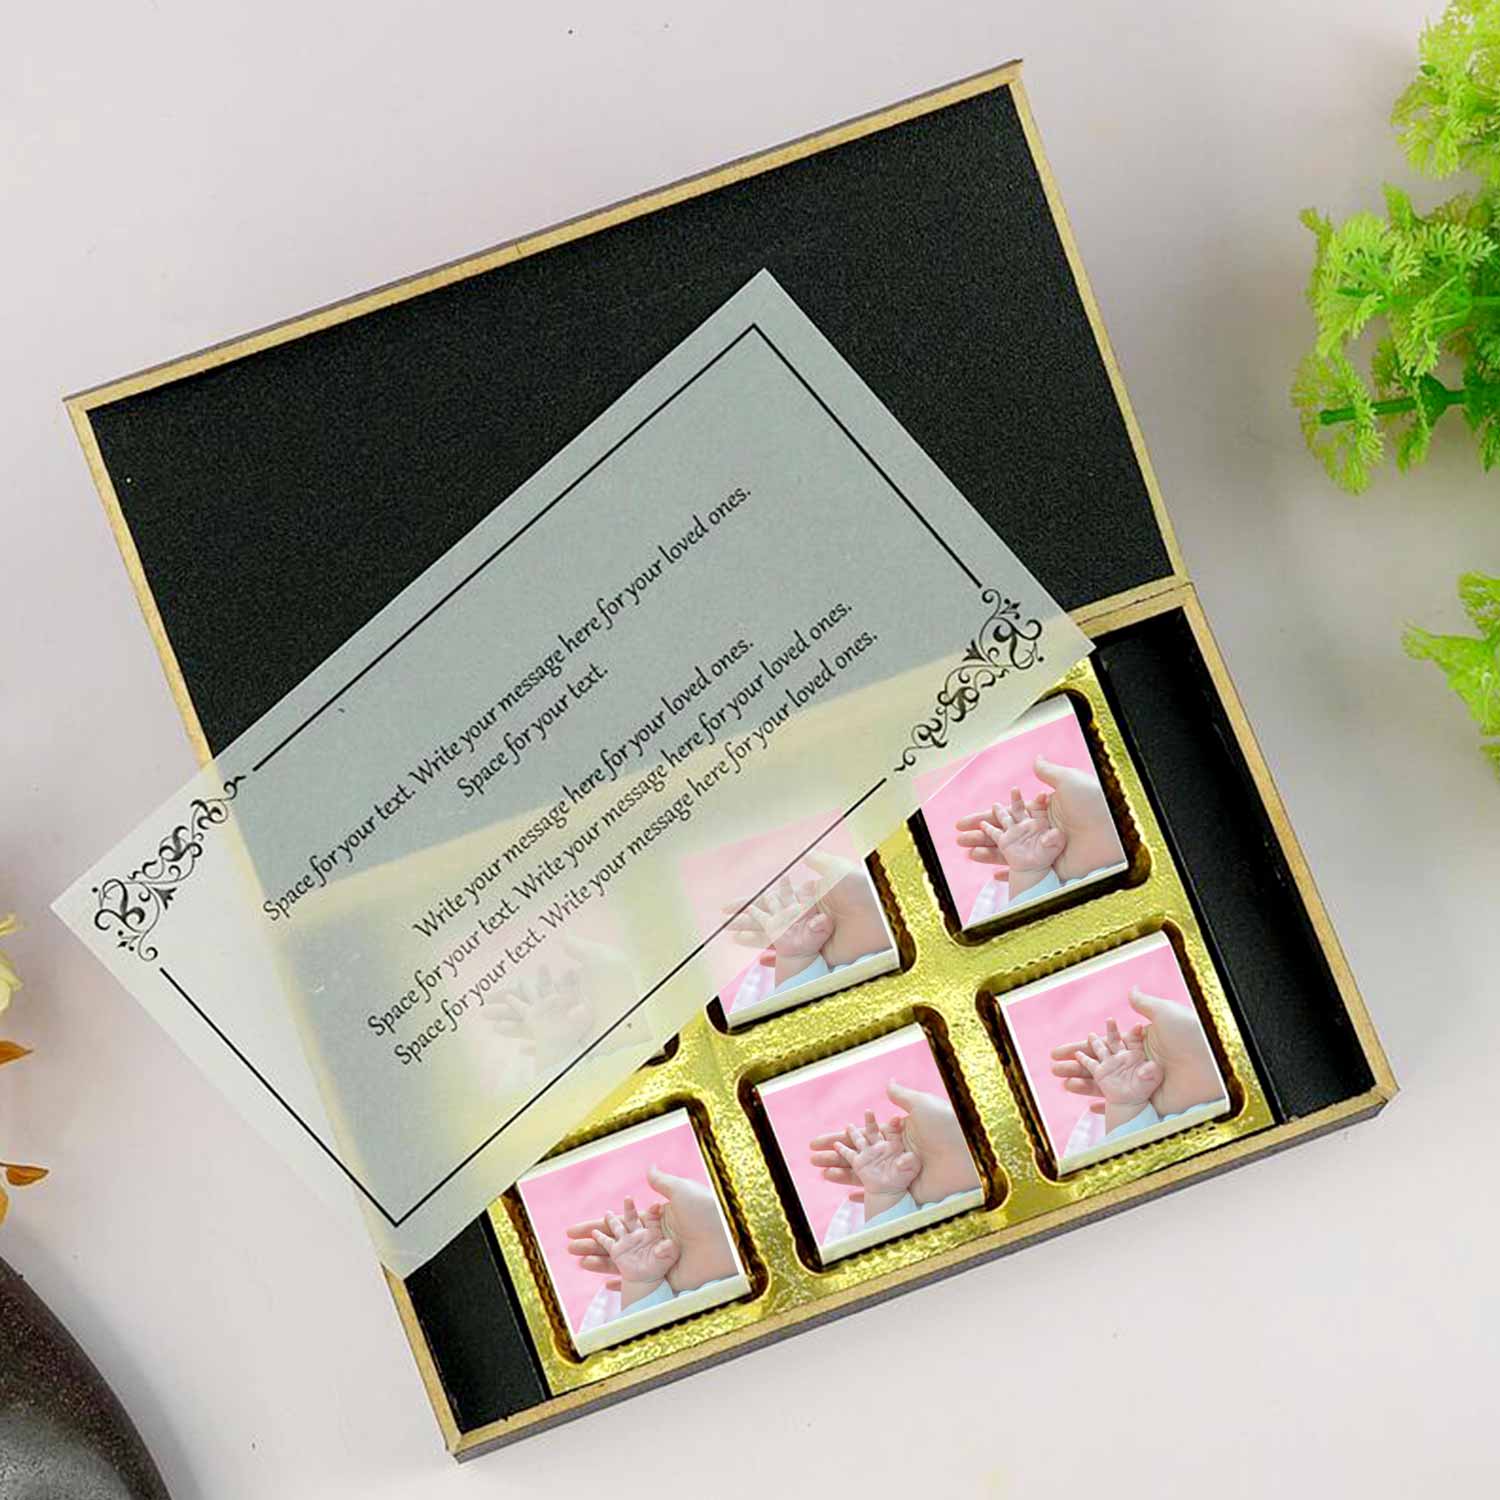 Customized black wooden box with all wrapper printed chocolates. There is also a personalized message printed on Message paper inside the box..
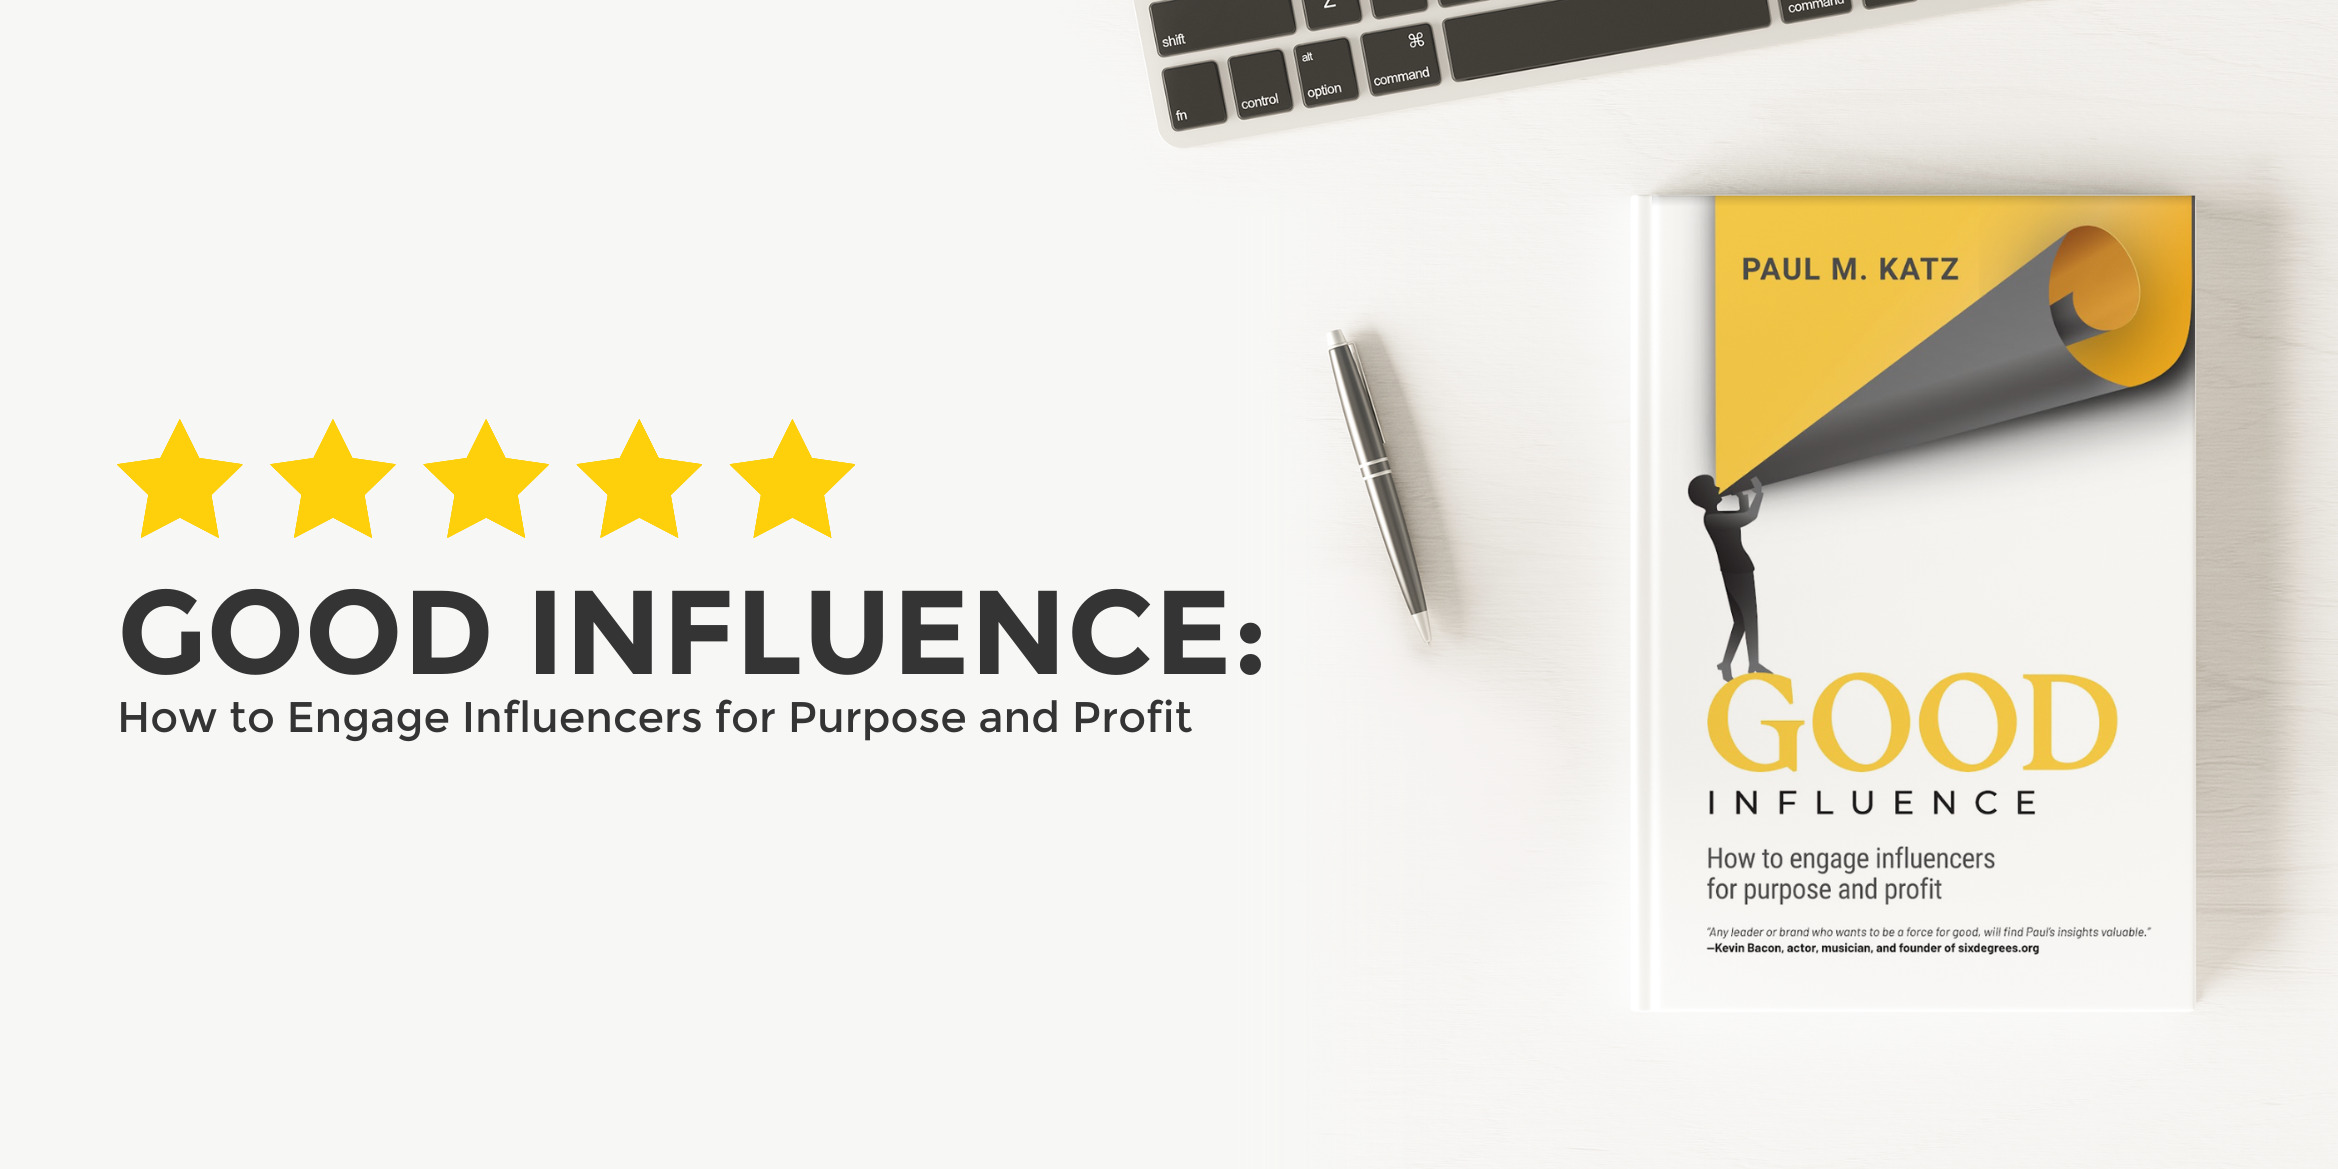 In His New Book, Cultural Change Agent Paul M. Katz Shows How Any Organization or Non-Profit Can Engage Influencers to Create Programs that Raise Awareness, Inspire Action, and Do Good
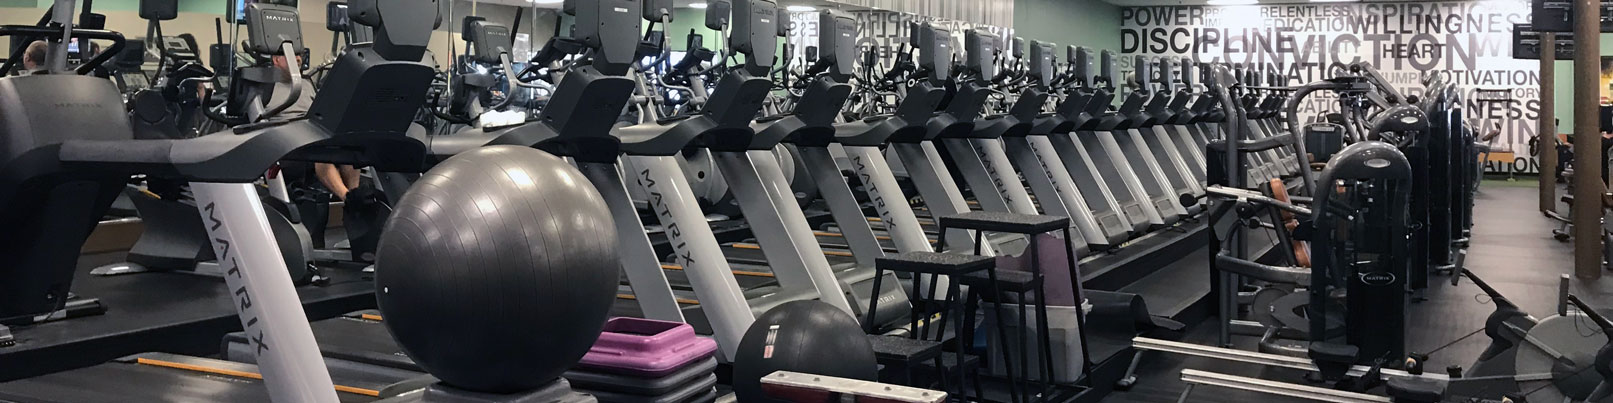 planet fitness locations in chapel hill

== WHAT IS REQUIRED ==
Transcribe the data exactly and leave no picture in the copy.

== REPLY TO THE TASK ==
 Customized black wooden box with all wrapper printed chocolates. There is also a personalized message printed on Message paper inside the box..
 In His New Book, Cultural Change Agent Paul M. Katz Shows How Any Organization or Non-Profit Can Engage Influencers to Create Programs that Raise Awareness, Inspire Action, and Do Good
 planet fitness locations in chapel hill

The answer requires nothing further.